左:市長役のジェイミー・フォックス、右:アニー役のクワベンジャネ・ウォレス
この映画の衝撃は二つあった。
ネタバレになるがその一つはアニーが字が読めなかったこと、もう一つは里親役のキャメロン・ディアスの落魄の演技が凄まじかったこと。
生活環境の悪さ、食事の貧弱さ、家具・什器の不潔感など貧困を描く手段はいろいろあるが人が公衆の前で字を読めないで逃げ出すという場面ほど衝撃的なものはない。
アニーを見ていて痛感した。
そのシーンが出現してアニーが字が読めないことの伏線がそれまでにいくつかあったことに気づく。

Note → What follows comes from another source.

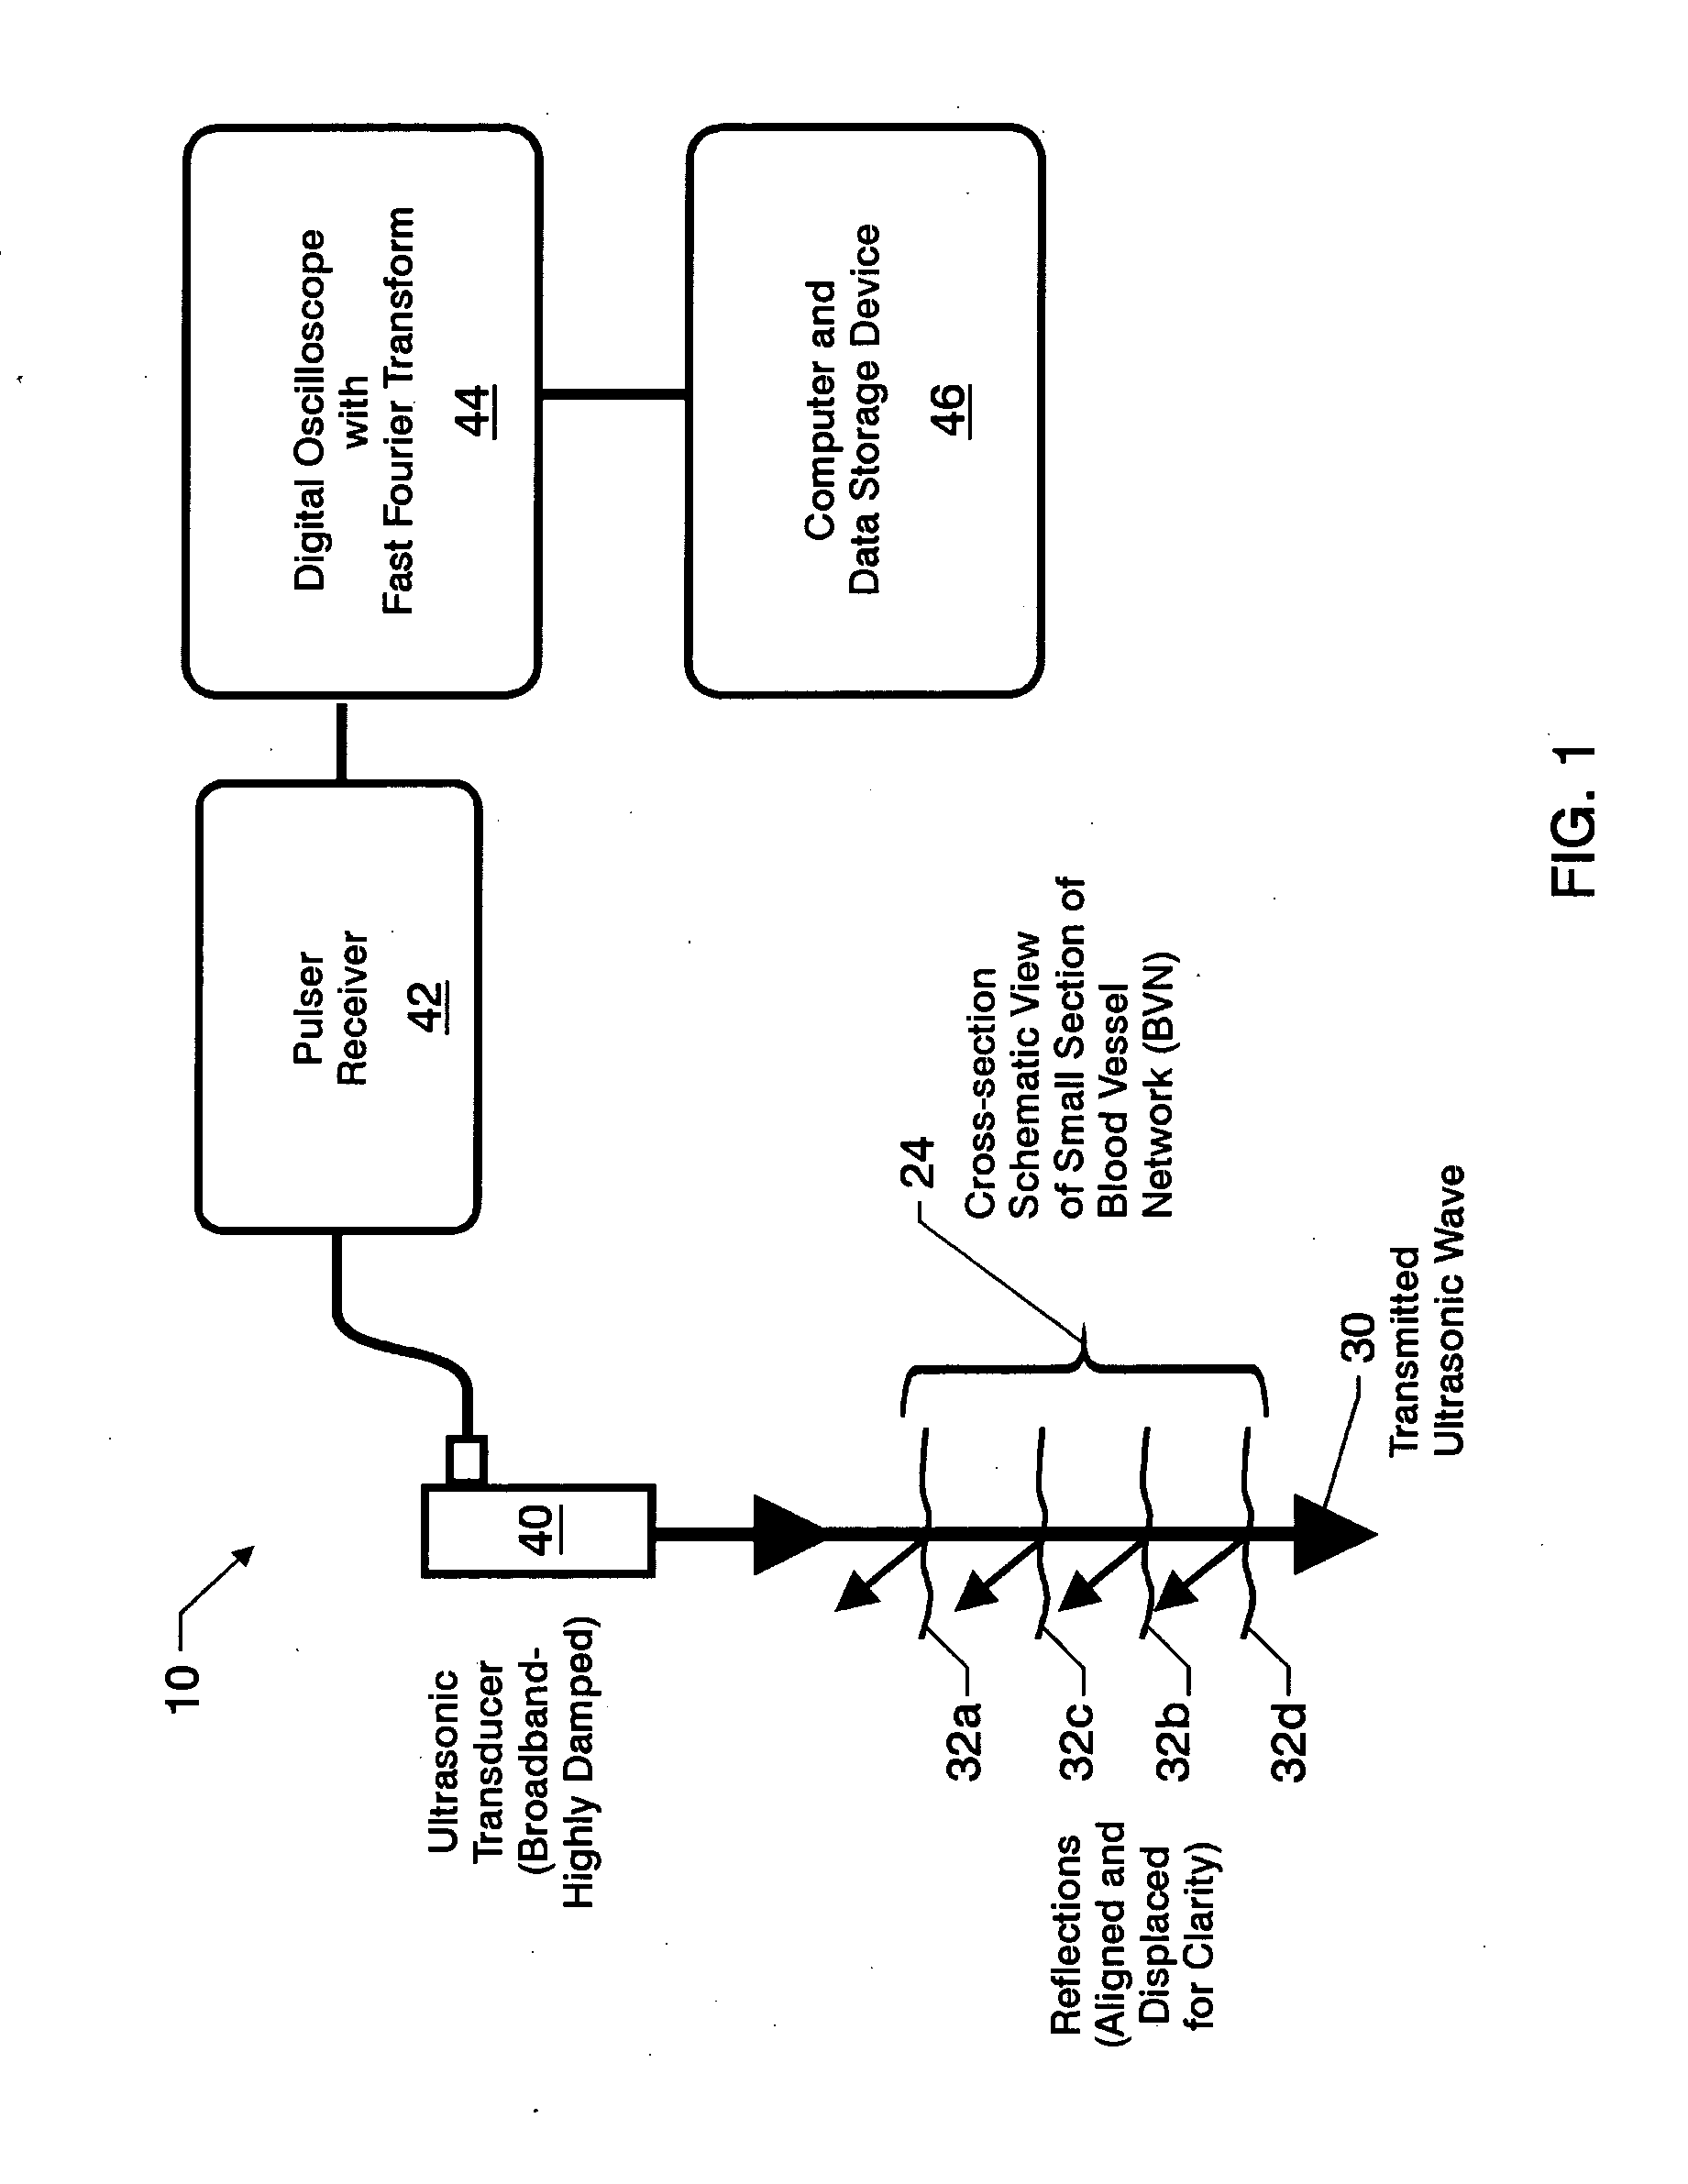 Ultrasonic apparatus and method to assess compartment syndrome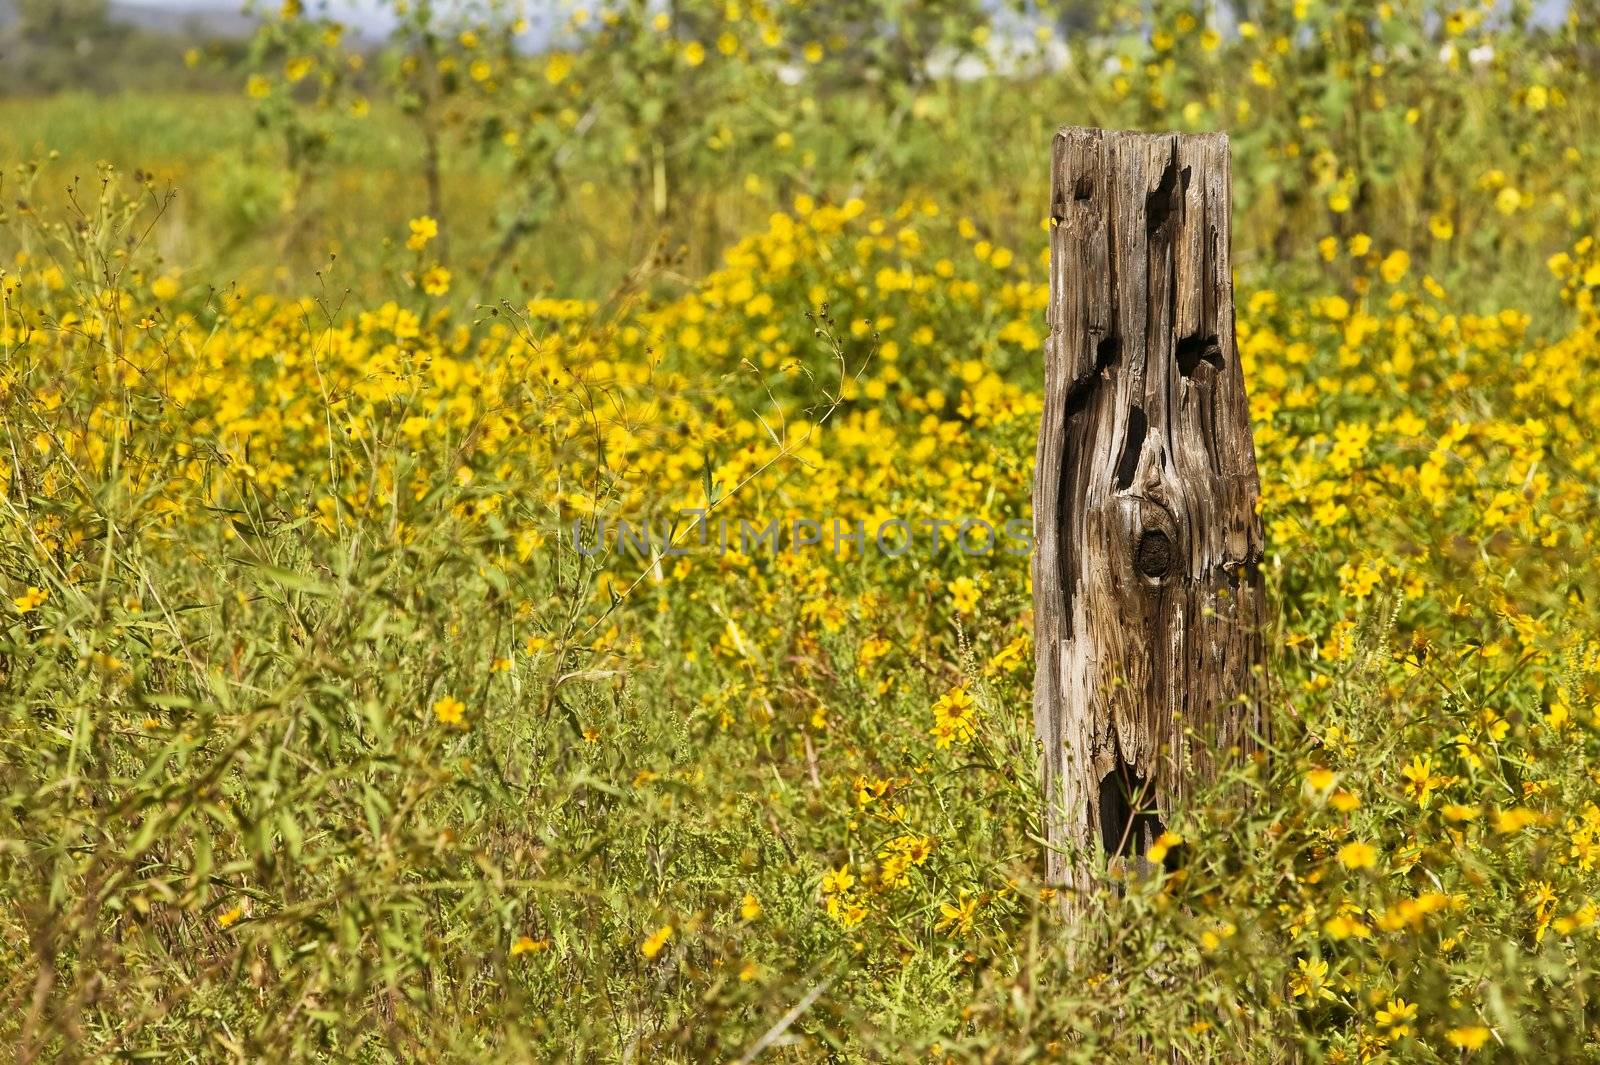 Rural scene of an old wooden post and a carpet of yellow flowers

そして字が読めないことは割に長い時間ごまかして隠し通せるのが衝撃的であった。
映画の本質に関係ない識字率の大切さをあらためて思った。
貧困の極致にいたら字を読み書きする、学校へ行く、図書館があるといった環境からほど遠い。
キャメロン・ディアスは哀しいほどうまかった。
うまい中に42歳という年齢から容貌の衰えがあってそれはたとえば紅葉が地に落ちて濡れているような風情であって、作中の彼女も元は輝かしいスターでいまは落ちぶれている役である。
アニーら複数の少女たちの里親で毎日どなり散らしている。
その表情はシンデレラをいじめるまま母のように板についていて、やり手婆、女衒、家政婦の元締め、客がつかなくなった娼婦、引退直前のストリッパーなどなど、あらゆる汚れ役をこなせそうに表情が冴えわたった。
キャメロンの目の色、顔のつくり、皺の発生のしかたなどすべてがよごれ役の道を示唆していて哀しかった。けれど演技が冴えた。
金髪美人系白人の落魄のひとつのパターンをキャメロンは端的に示していて、これはメリル・ストリープ65歳にはない落魄感。ニコール・キッドマン47歳にも崩れゆく退廃感はない。
キャメロンは確実に魔女への道を歩んでいる。
この女優が次に何を演じるかえらく興味が湧いた。